Raul Pereira et al., RSC Chemical Biology, 2022
Aldehyde dehydrogenases (ALDHs) are a family of NAD(P)-dependant enzymes that catalyse the oxidation of aldehydes to carboxylic acids. Endogenous aldehydes can be produced as a result of metabolism of amino acids, alcohols, lipids and vitamins, while exogenous aldehydes can derive from the metabolism of cytotoxic drugs and environmental factors. Currently 19 ALDH isoforms have been characterised in humans, and ALDH1 isoforms (ALDH1A1, ALDH1A2, ALDH1A3) are considered to be of particular interest due to their role in the detoxification of anti-cancer drugs.

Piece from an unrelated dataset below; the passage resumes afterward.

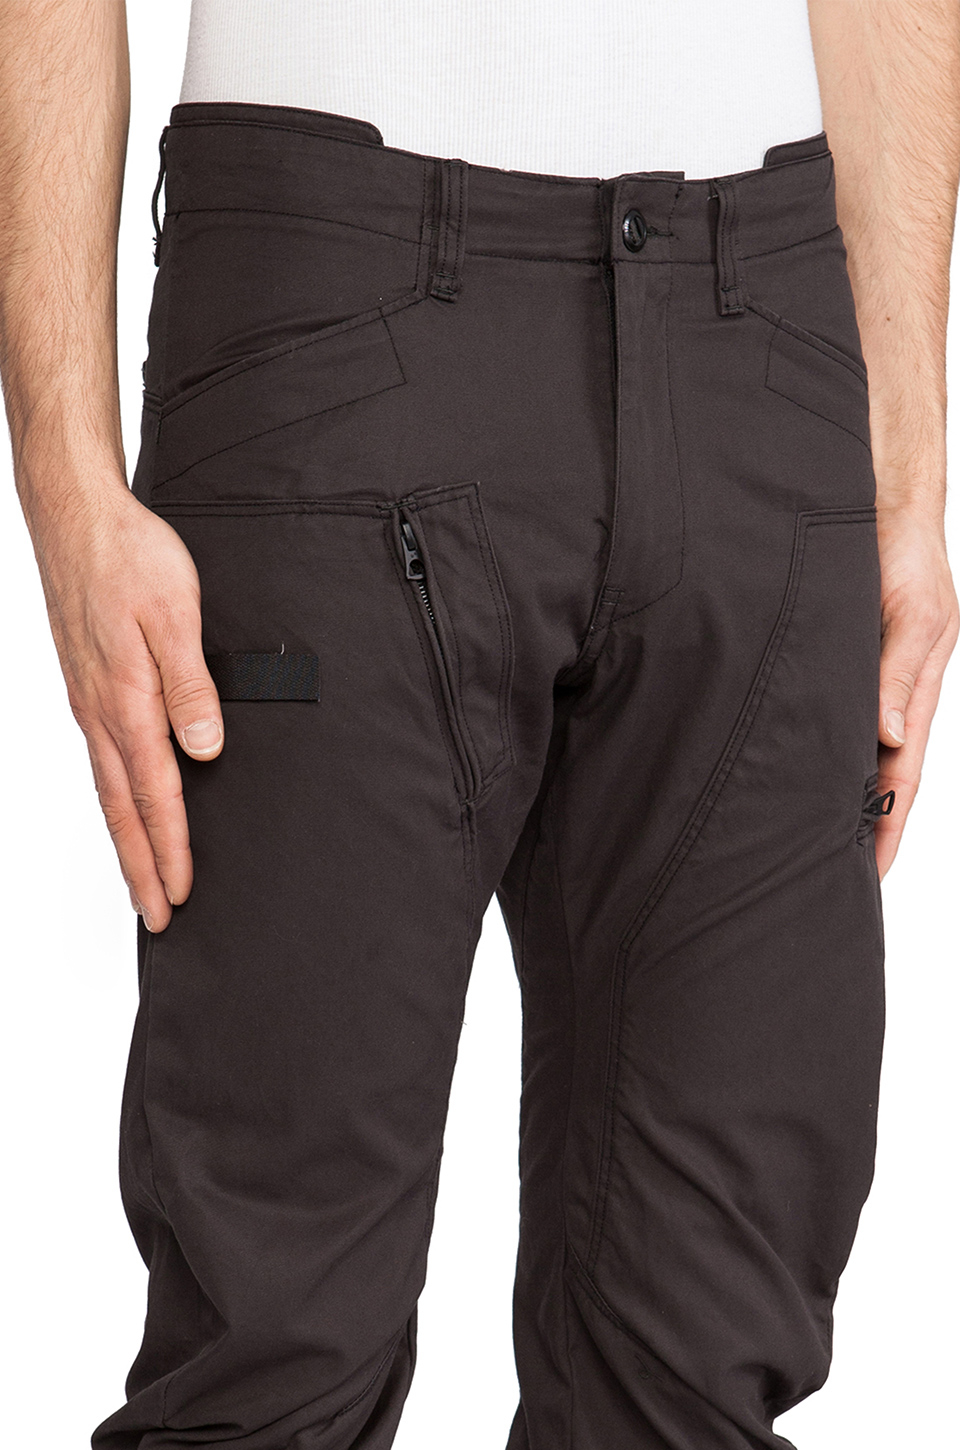 powel 3d tapered pants Off 66% - www.loverethymno.com

ALDH1A1 expression has been correlated with poor overall survival in a range of cancers, including leukemia, lung, liver, pancreatic, breast, colorectal and ovarian cancer. Resistance to chemotherapy represents a significant challenge in the treatment of ovarian cancer, with a high proportion of women ultimately succumbing to recurrent disease. Tumour recurrence arises from drug-resistant tumour cells able to repopulate the tumour niche and seed new lesions. These cells have been termed cancer stem cells (CSCs), and are characterised by high ALDH1A1 expression, alongside other biomarkers such as CD133 and CD44. Extensive effort has focused on the creation of ALDH1A1-targeted therapies, with some showing success in reducing proliferation and expression of stemness markers in CSC-enriched ovarian cancer in vitro models, as well as synergising with cisplatin treatment to improve efficacy. Moreover, inhibition of ALDH1A1 in animal models of ovarian cancer has proven an attractive therapeutic strategy for CSC depletion and the prevention of recurrence.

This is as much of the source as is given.